**INSTRUCTIONS FOR THE TASK**:
The lines from the one with "Bancada cama p 150x180 150x190 150x200" through the last line of the material below, copied exactly and free of pictures, make up the whole answer.

**DATA BLOCK**:
____

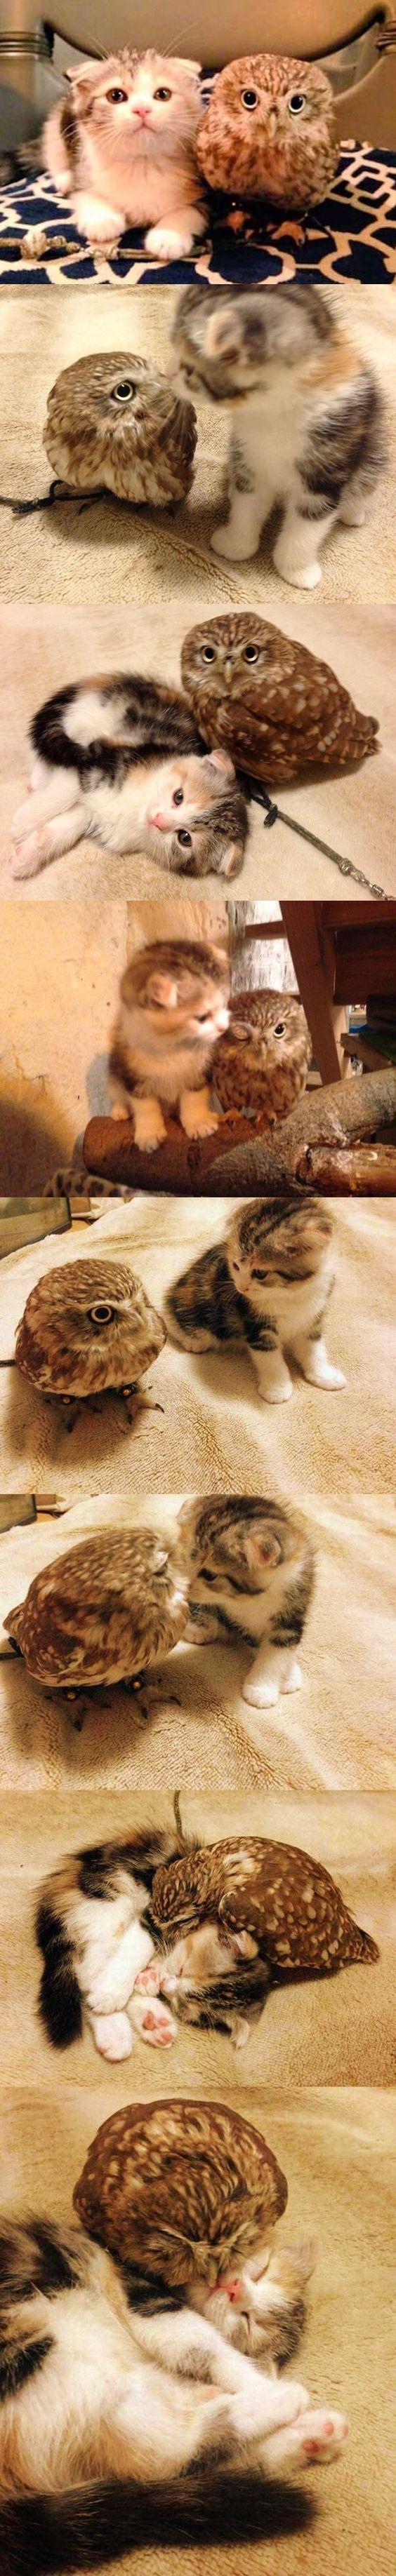 Best A Cute Animal Images On Pinterest Baby Animals Baby - Owlet kitten meet coffee shop become best friends
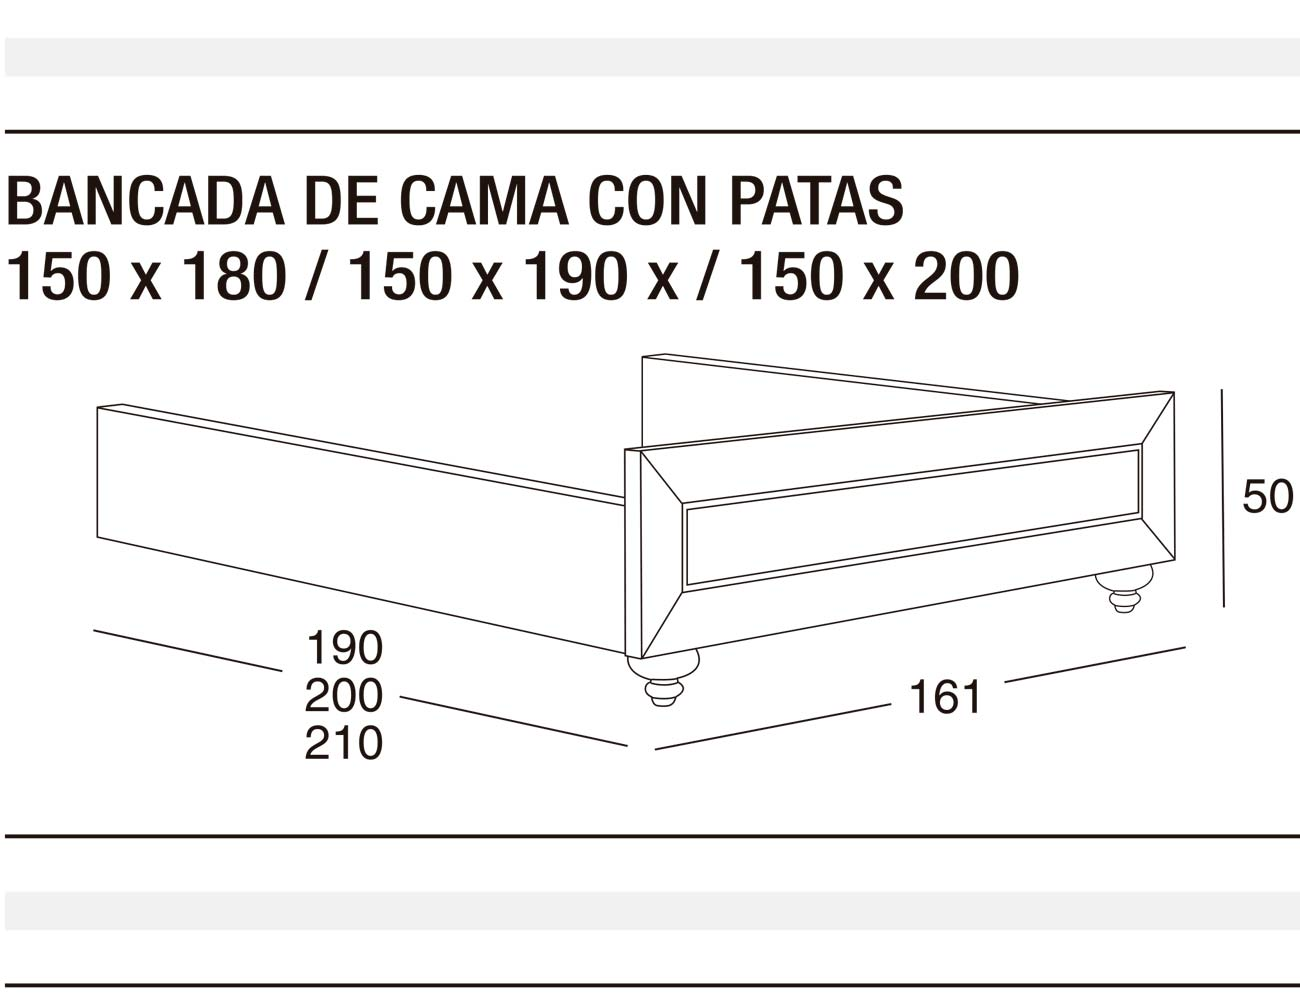 Bancada cama p 150x180 150x190 150x200
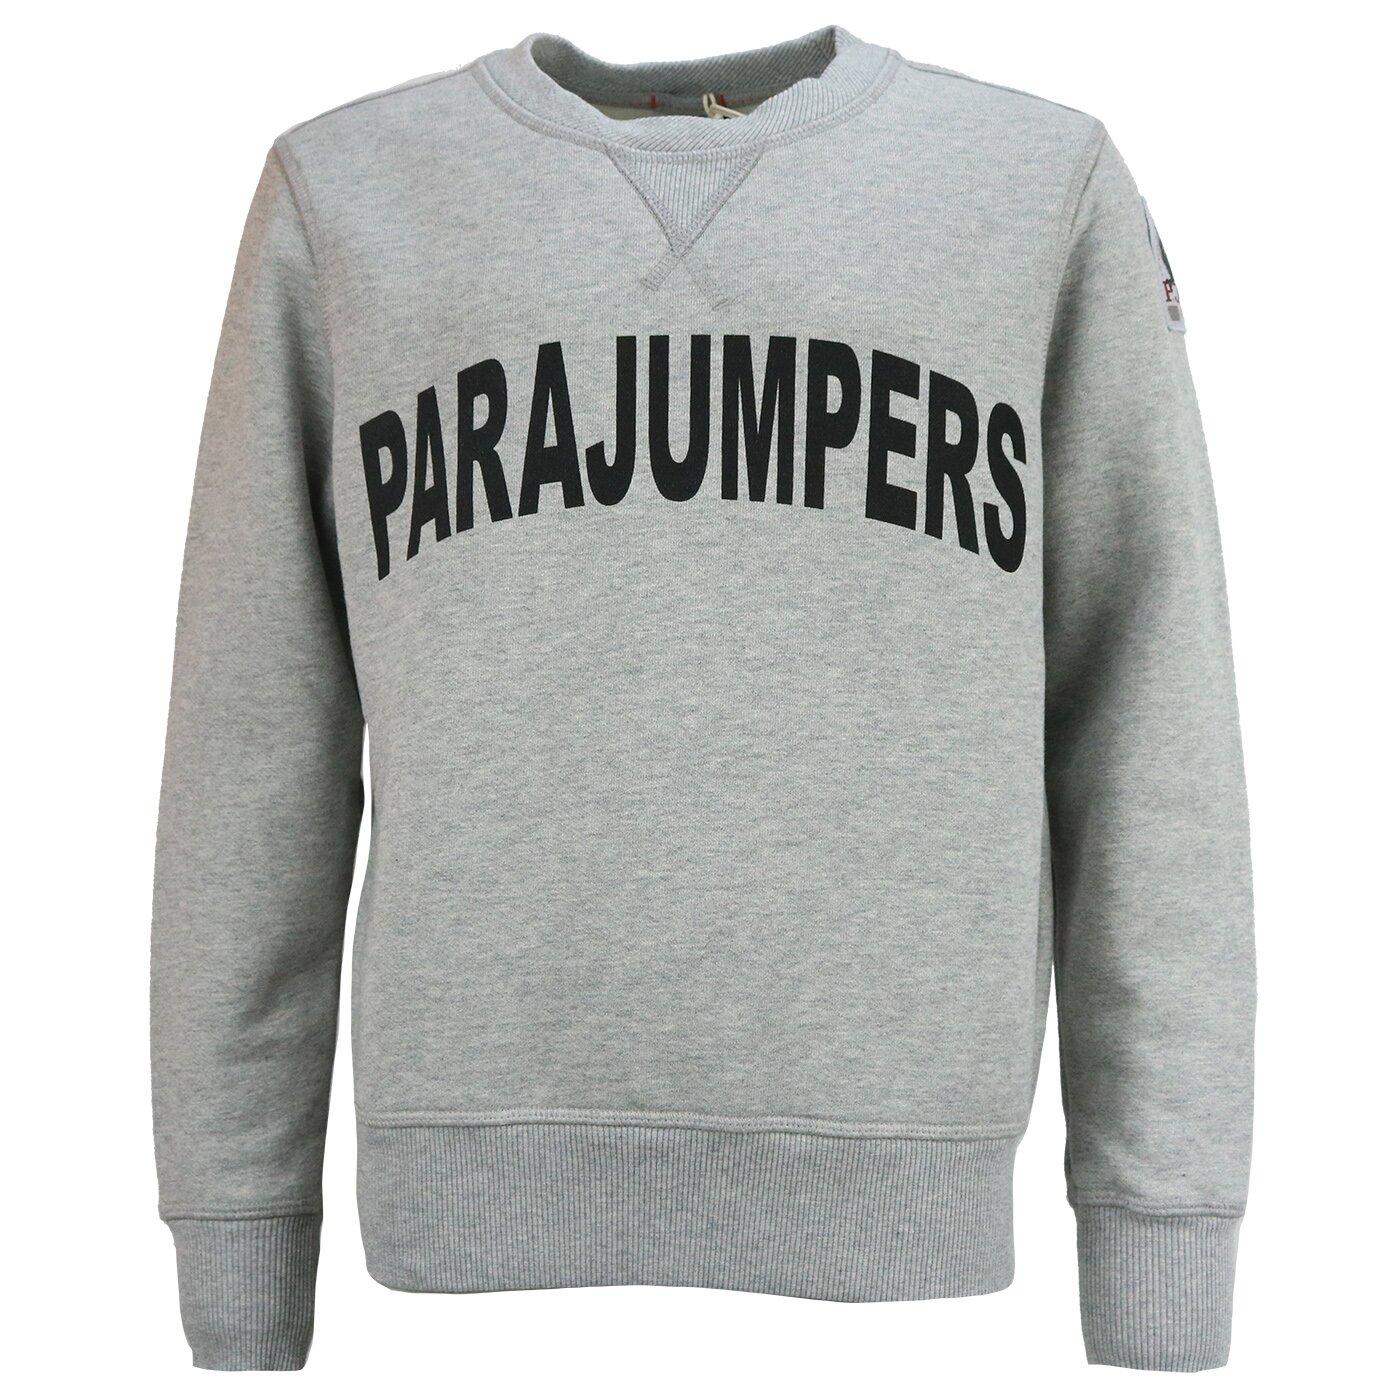 Parajumpers Caleb Sweater Grey CF61-566
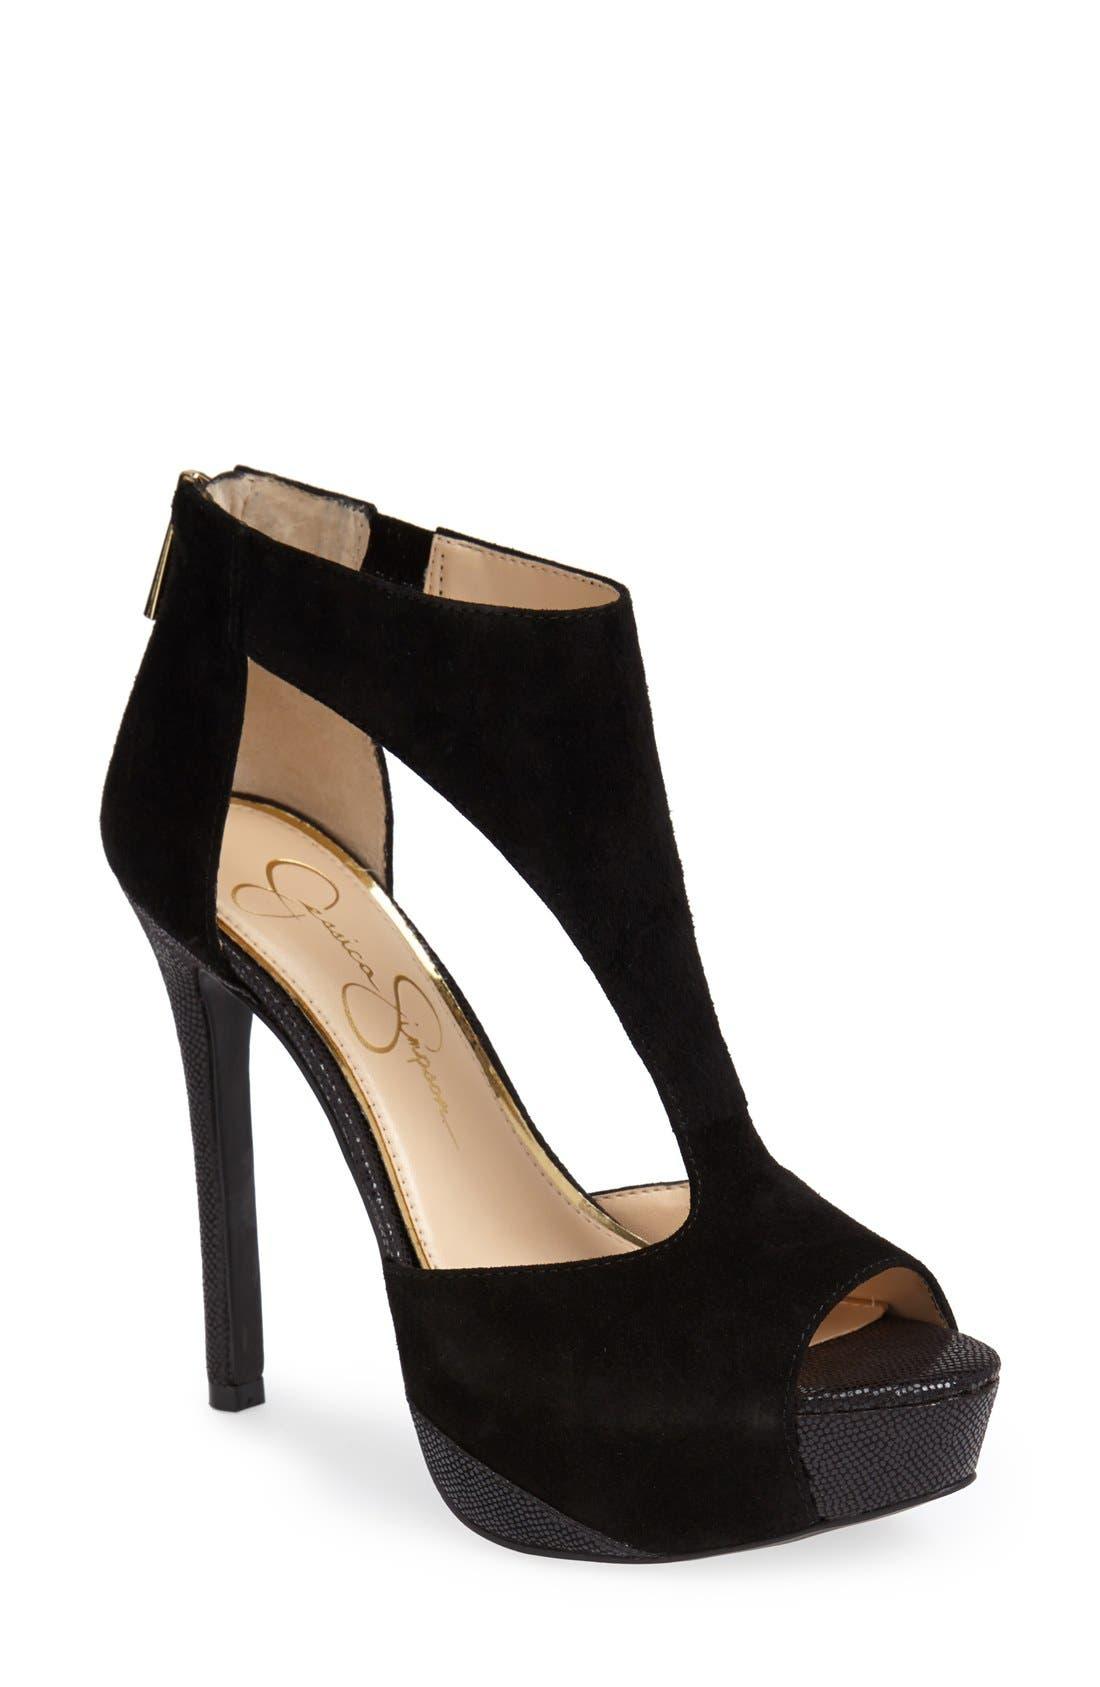 Alternate Image 1 Selected - Jessica Simpson 'Carideo' Platform Sandal (Women)

____

**SOLUTION TO THE PROBLEM**:
 Bancada cama p 150x180 150x190 150x200
 Parajumpers Caleb Sweater Grey CF61-566
 Alternate Image 1 Selected - Jessica Simpson 'Carideo' Platform Sandal (Women)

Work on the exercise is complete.